"""

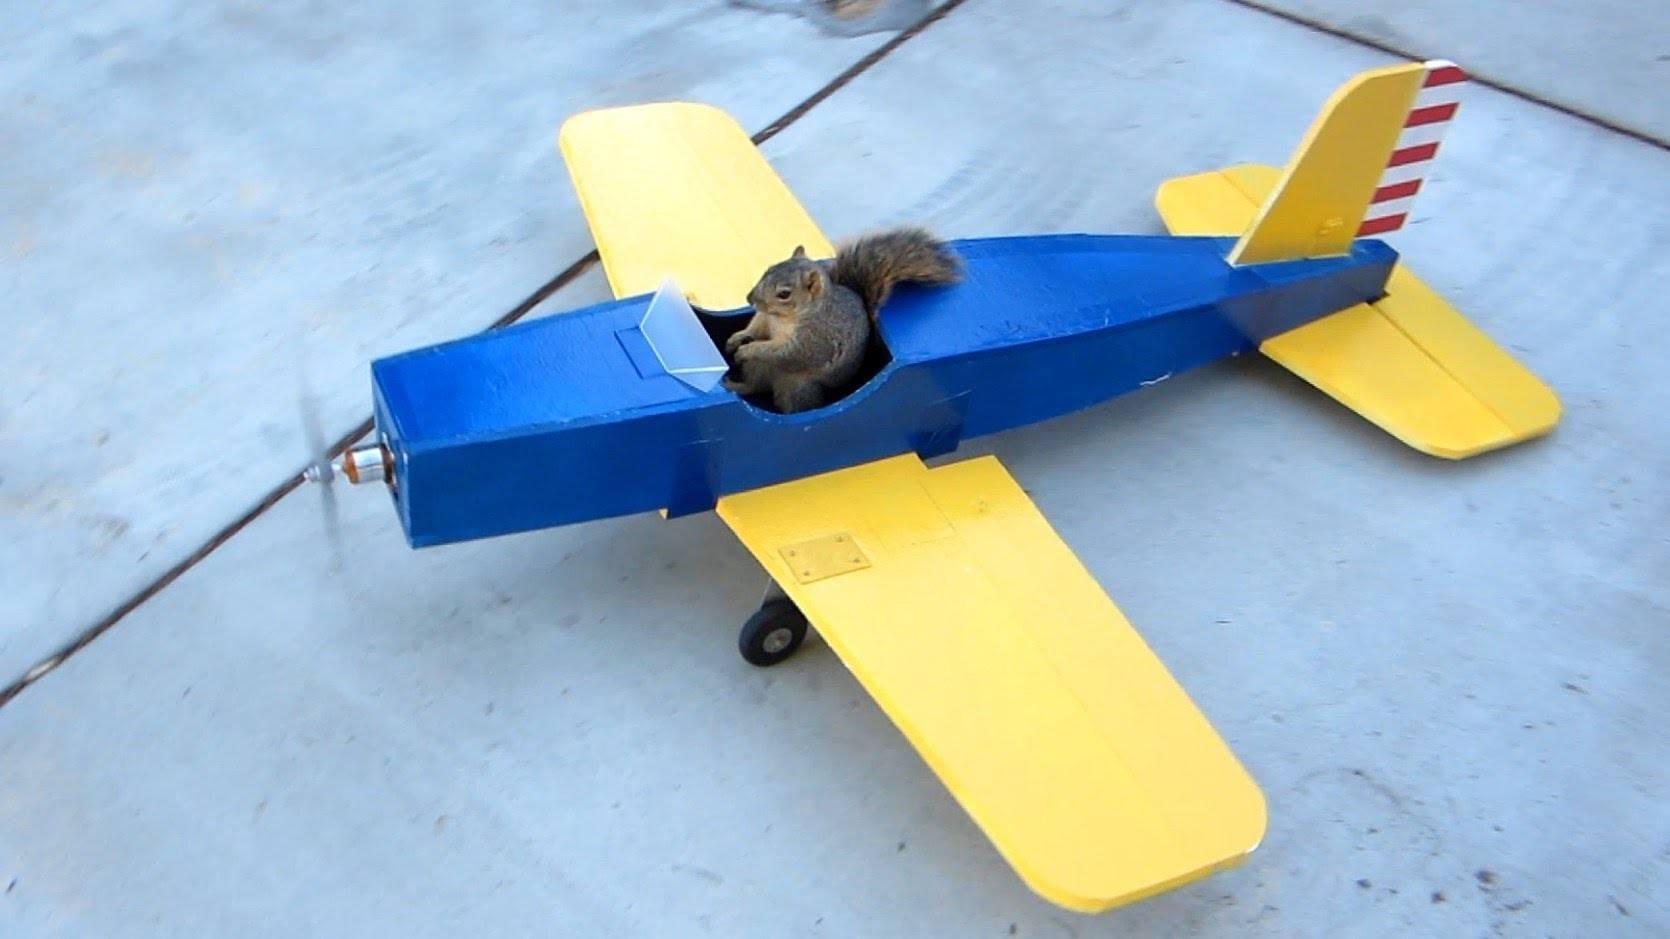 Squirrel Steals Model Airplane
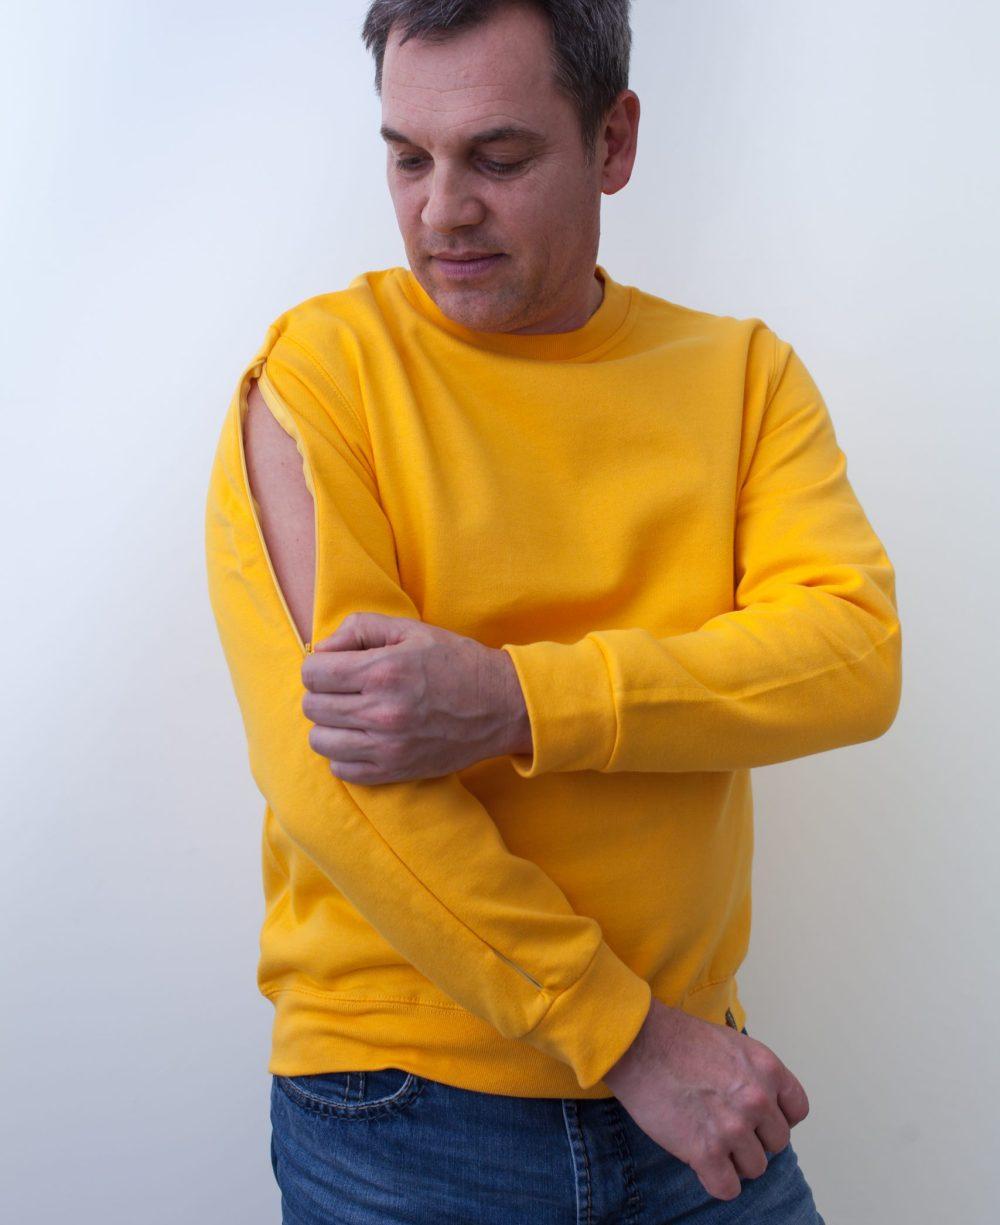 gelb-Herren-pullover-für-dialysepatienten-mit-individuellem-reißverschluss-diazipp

"""
"""

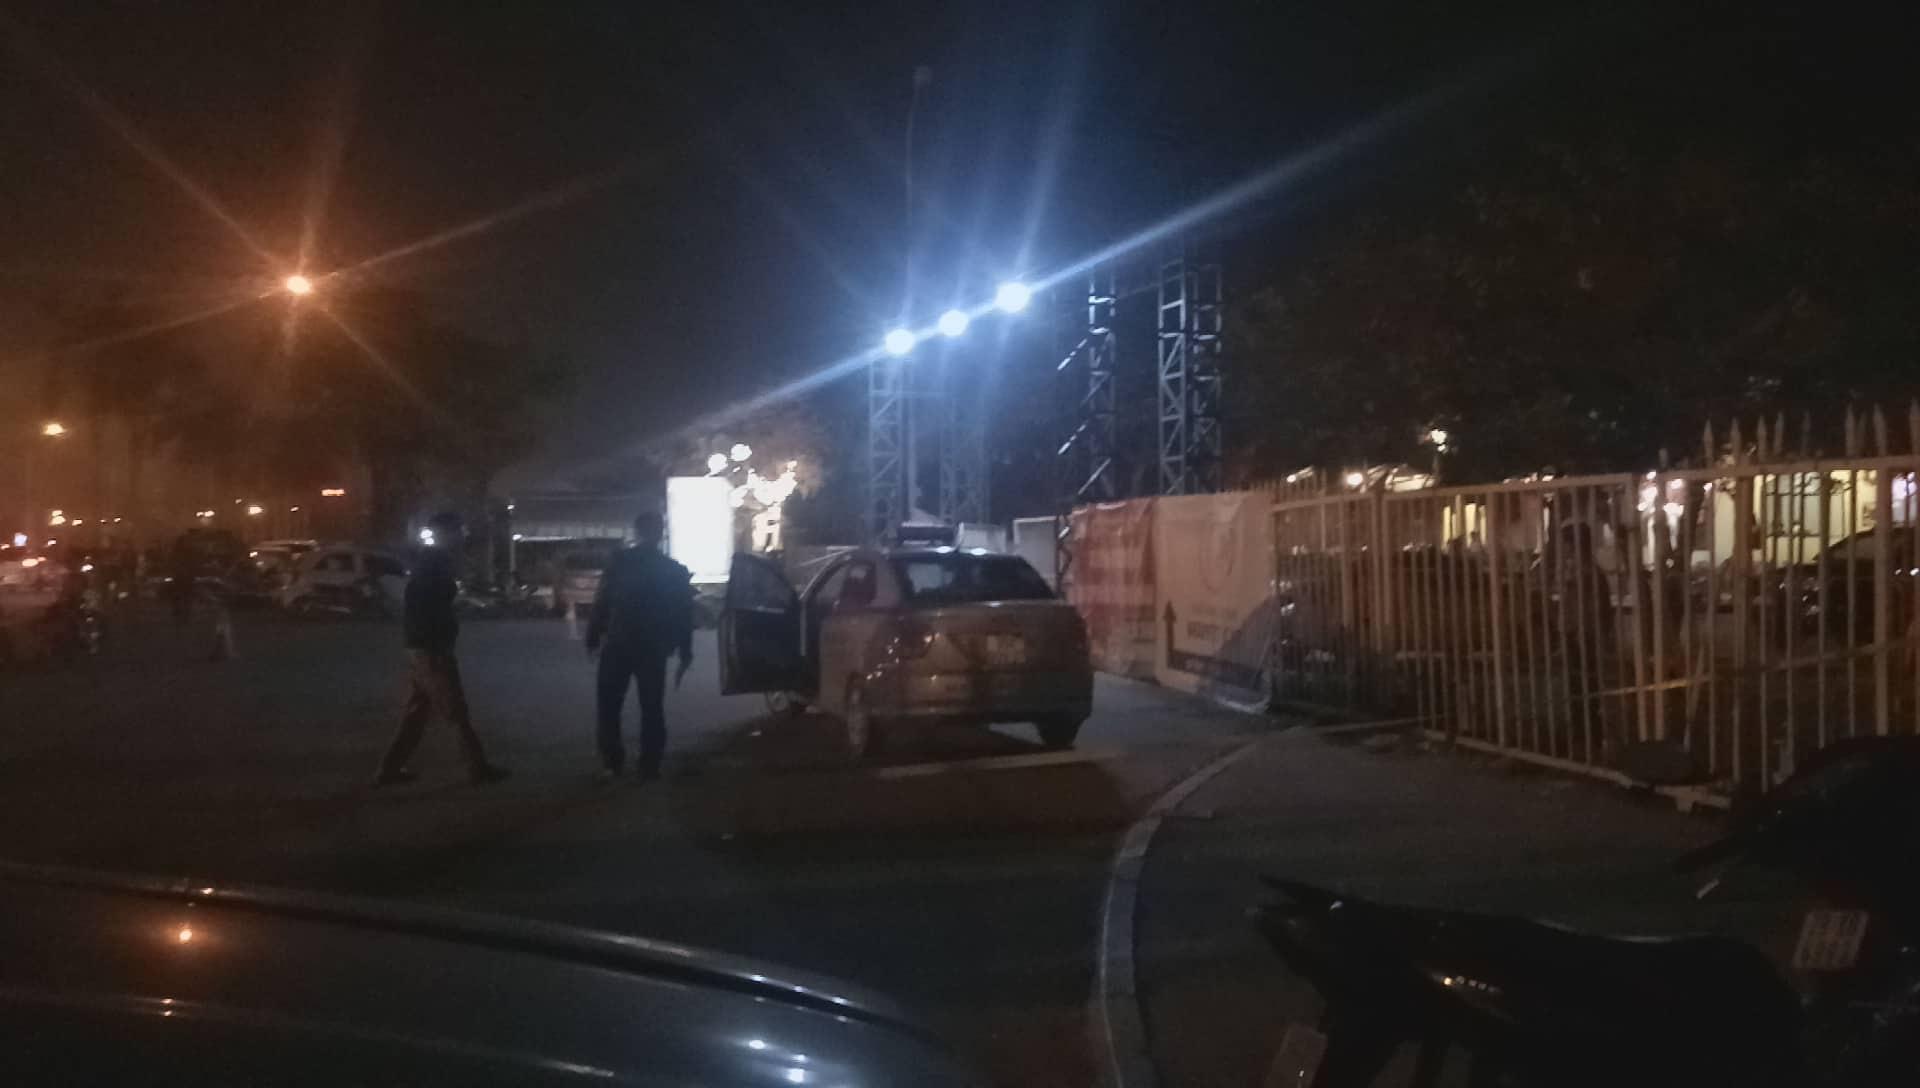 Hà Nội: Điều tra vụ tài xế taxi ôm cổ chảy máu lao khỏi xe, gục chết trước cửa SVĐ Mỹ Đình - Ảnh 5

"""

• [INSTRUCTIONS TO FOLLOW]: Once the line with "Squirrel Steals Model Airplane" is found in the data above, reproduce it and each line after it exactly, through the line with "gelb-Herren-pu". Omit the pictures.

• [ANSWER TO THIS EXERCISE]:
 Squirrel Steals Model Airplane
 gelb-Herren-pullover-für-dialysepatienten-mit-individuellem-reißverschluss-diazipp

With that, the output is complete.